A: A necropsy is basically an autopsy on an animal. Here at the diagnostic laboratory at Michigan State, we probably do 1,000 to 2,000 necropsies a year on everything from frogs to rhinos. If there were elephants in Michigan, we would do the elephant as well. They come through periodically in circuses, but there aren’t any resident elephants in Michigan that we know of right now.
Q: How is an elephant postmortem performed?
A: It’s a systematic approach that begins with an external examination. Then we open up the carcass, take the legs off. We open up the abdomen, and we open up the thorax, and we look very carefully at the position of all the organs to make sure all the organs are positioned appropriately. This requires some knowledge of looking inside elephants, or at least some diagrams that show where those organs are supposed to be.
Then we’ll examine the animal system by system. Starting in the oral cavity, we would go through the respiratory tract, larynx, trachea, bronchi and lungs, opening each part up and examining outside surfaces and inside surfaces. Then we would start on the digestive tract, starting again from the oral cavity. We would dissect all four chambers of the heart to make sure there weren’t abnormalities. We would take very careful measurements so we could provide data to doctors who might want to examine elephants in the future, and also to taxonomists, biologists and other specialists who need to understand the physiology of an elephant.
Q: How many people does it take to perform a necropsy?
A: I’ve been on teams of five or six. I’ve been on teams of 30. It depends on the technology available. If you have dull knives, for instance, you need to have a team of people who just sharpen knives. Other people have done them alone. Most take six to 12 hours, depending on how involved they are.
Q: How do you move the carcass after a necropsy is complete?
A: It depends, again, on the circumstances. In some cases, facilities will dig a hole on the grounds and drag or carry the carcass with a front-end loader or a large tractor to the hole. Other times, remains are incinerated. If an elephant has tuberculosis, it needs to be incinerated and transported in a contained environment to the incineration site. In that case, you would be cutting the carcass up into small enough pieces to fit into 55-gallon drums so they could be transported safely.
Q: Why do a necropsy?
A: One reason is to provide the animal’s owner with some sense of closure, so they know what happened to the animal — why it died, what diseases it might have had. We also look for information that could help other animals in the same facility and of the same species. With elephants, right now, there are a lot of concerns about herpesviruses. It’s what we would call an emerging disease amongst elephants that can, in some circumstances, kill elephants very rapidly.

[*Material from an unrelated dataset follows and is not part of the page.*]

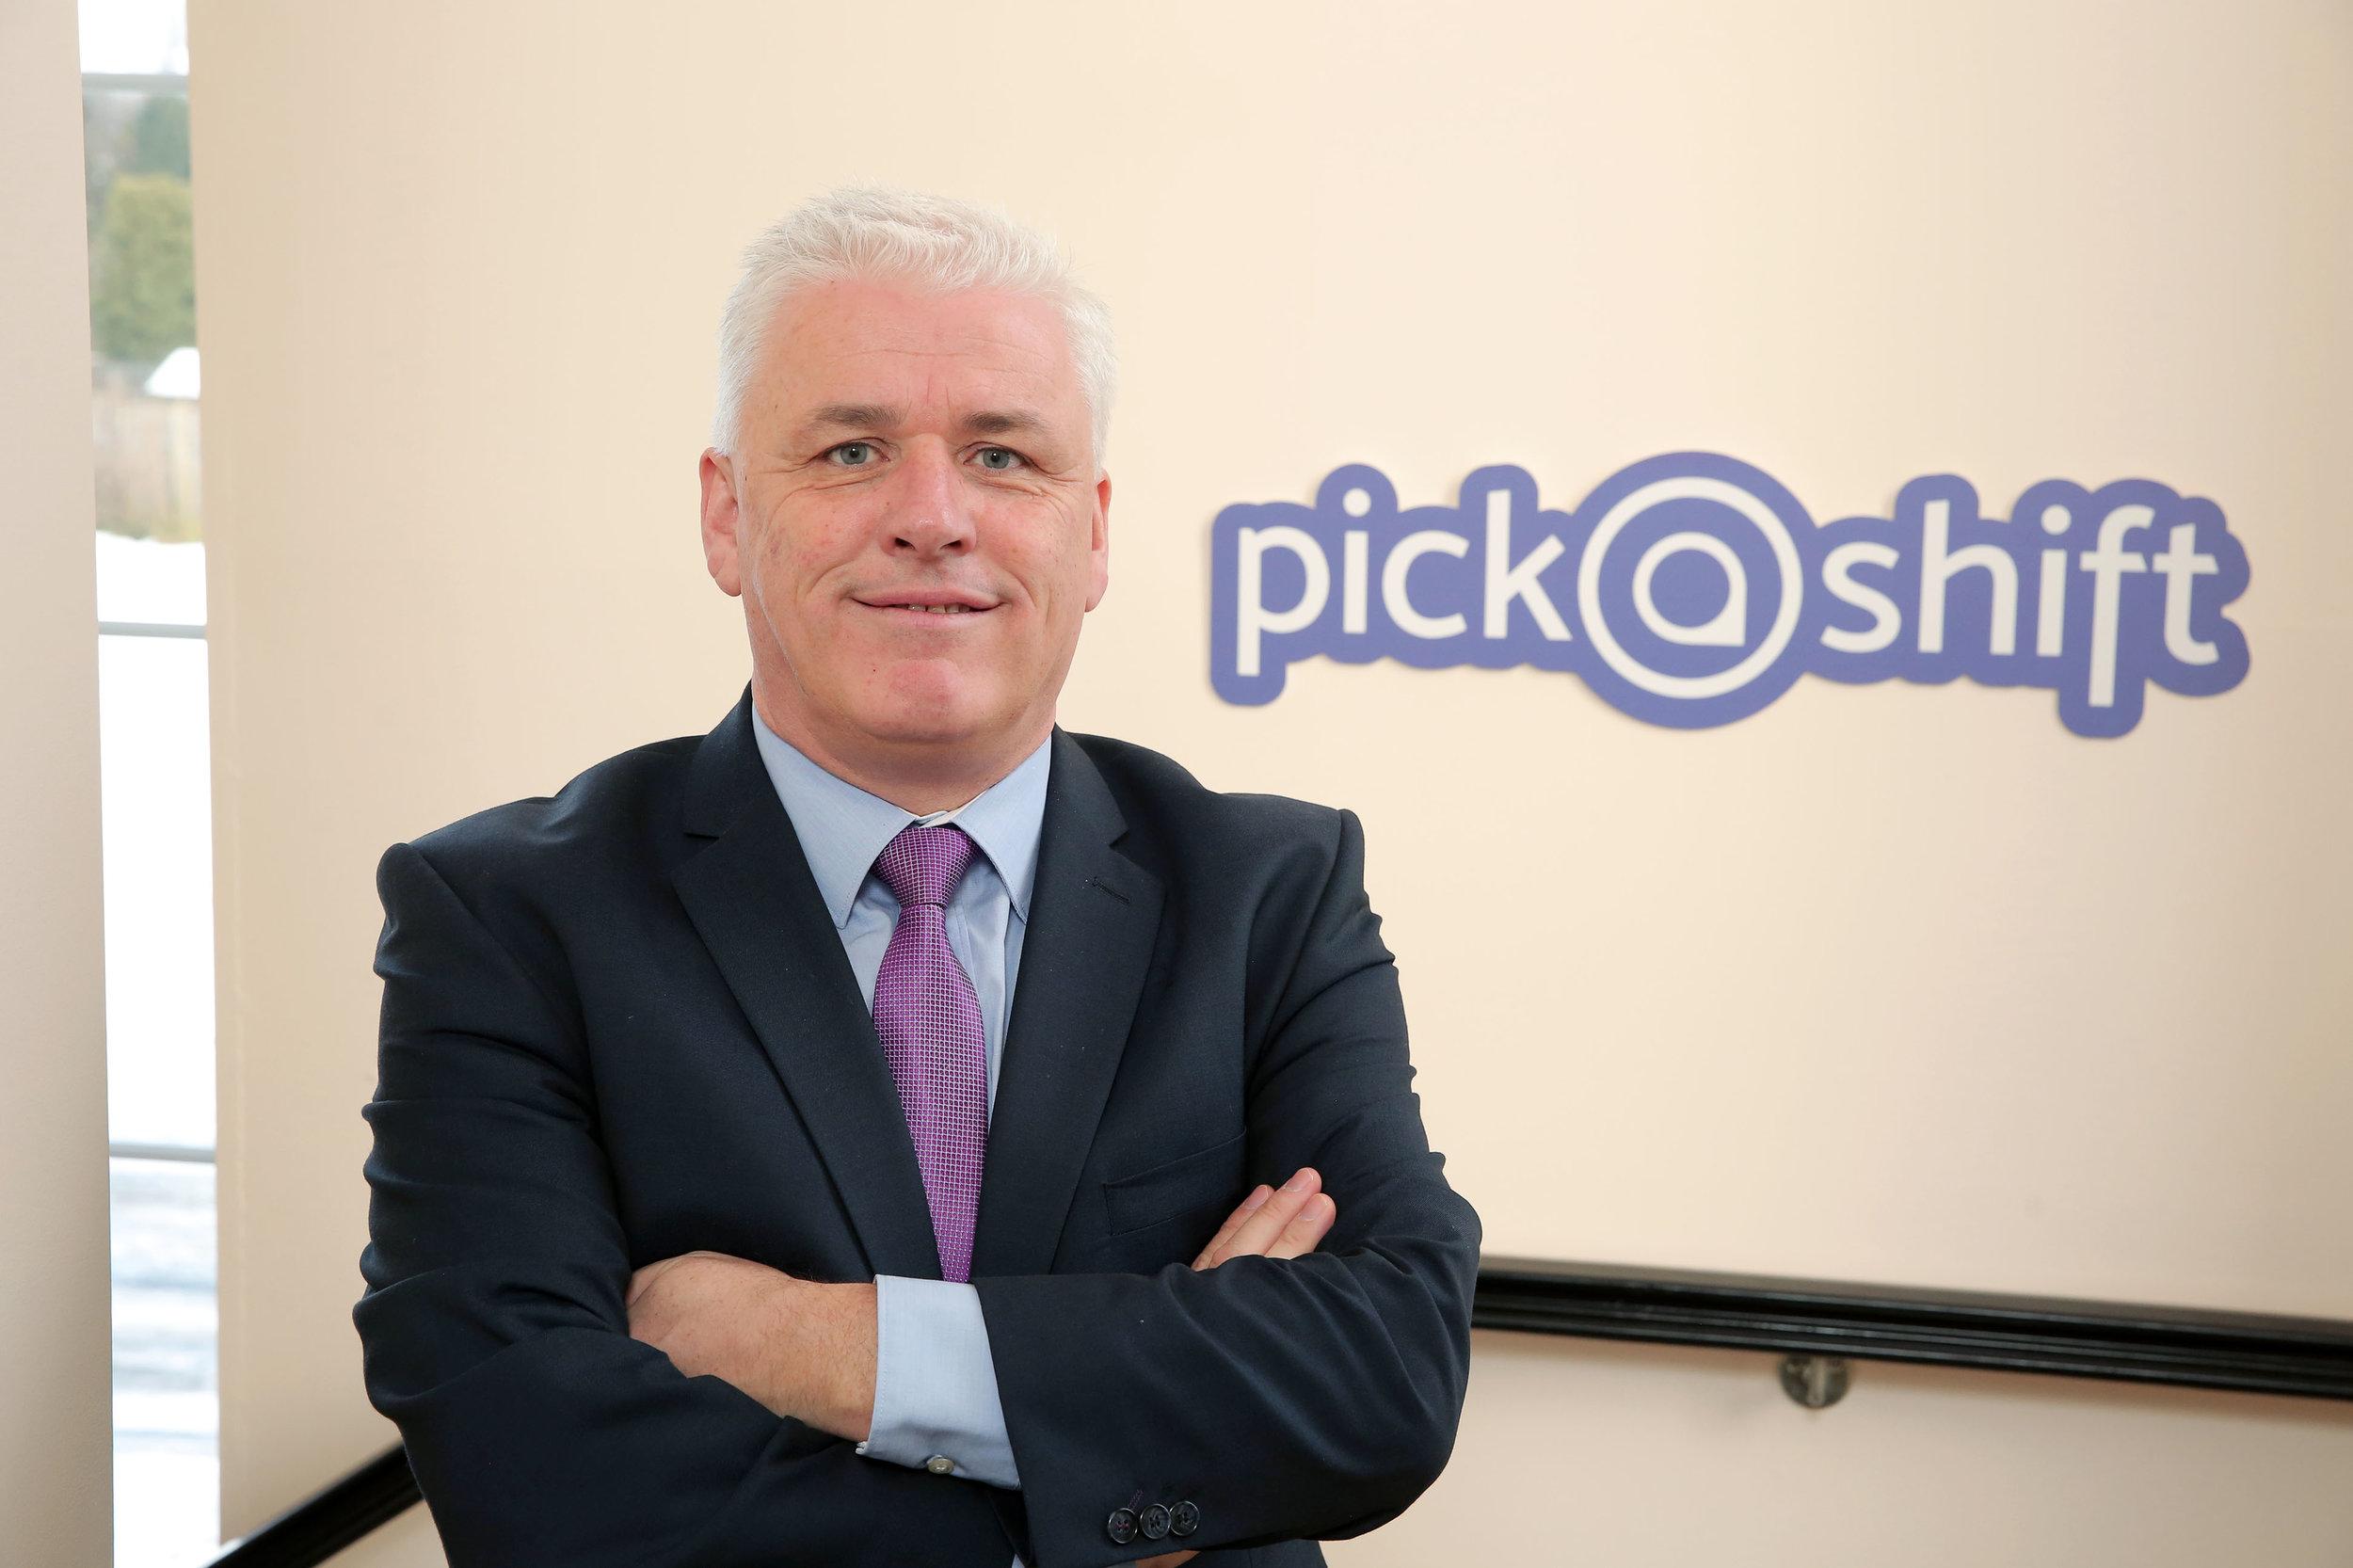 PickaShift Photo 6.JPG

That’s something we want to understand more, so we look for that during a necropsy — herpesviruses.
Q: Members of a necropsy team take tissue and skeletal samples…

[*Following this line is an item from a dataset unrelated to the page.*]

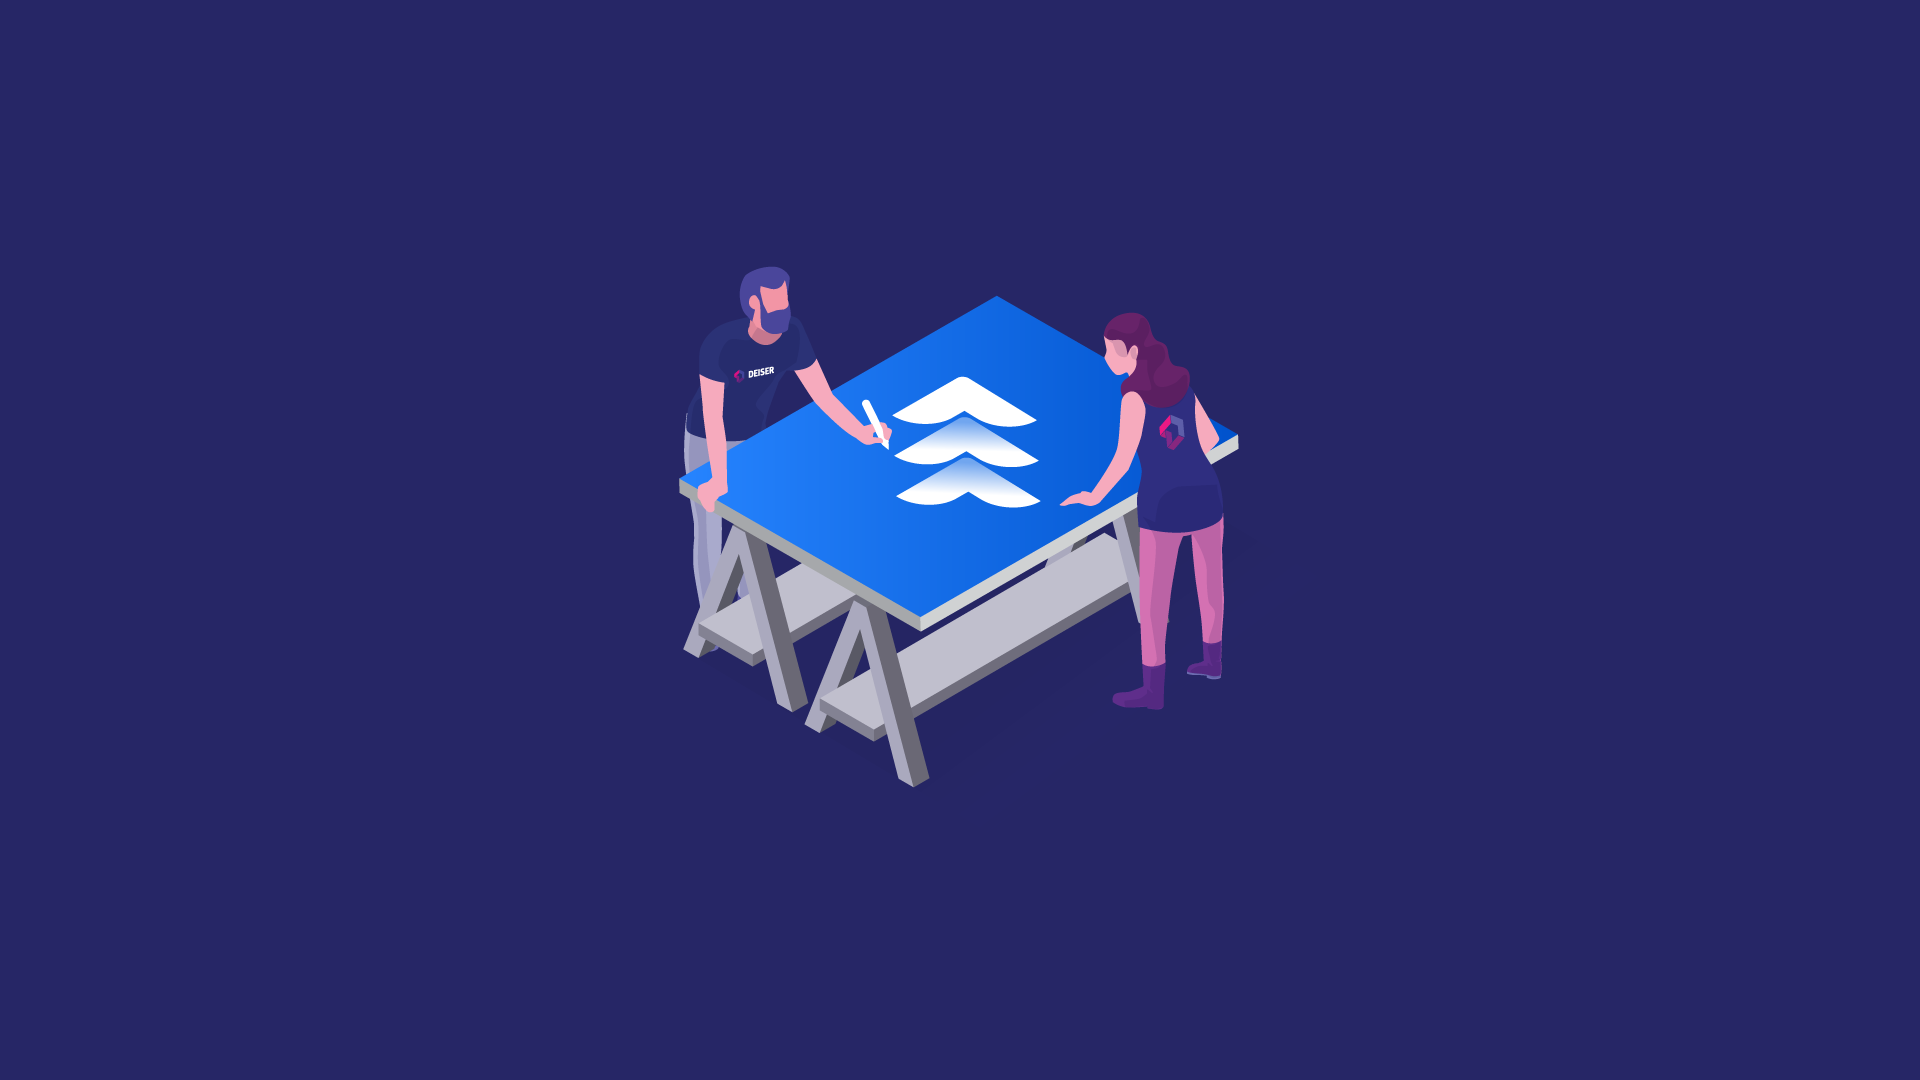 Jira Rest API: pros & cons

A: Collecting and preserving samples allow us to advance scientific research. We may not necessarily be interested today in an elephant’s thymus or in its bone marrow or in a section of the spleen or something else. But if 30 years from now a scientist is interested in developing a better understanding of the spleen of an elephant, this allows us to go back and do research using previously collected samples. For horses or cows, it doesn’t take a long time to obtain samples for research. But in elephants, it’s very difficult to get enough samples from animals to get what we would call a statistically valid study.
Q: Anything else you’d like to add?
A: Nobody is happy that a zoo animal dies, but it happens, and that happens to all of us and to all zoo animals. And it’s important we take advantage of that opportunity, even if it’s a tragic opportunity, to make the best of it. Those animals, their role in a zoo is as an ambassador of the wild and as an advocate for saving the wild. And even as a dead animal, they continue to serve their own species, their own habitat, their own world, by providing this knowledge that we can gain from necropsies. It’s really important to do a necropsy, and it’s an important service zoos can provide. It’s another example of the value of zoos as scientific institutions. We think of them as entertainment areas, but they’re much, much more than that.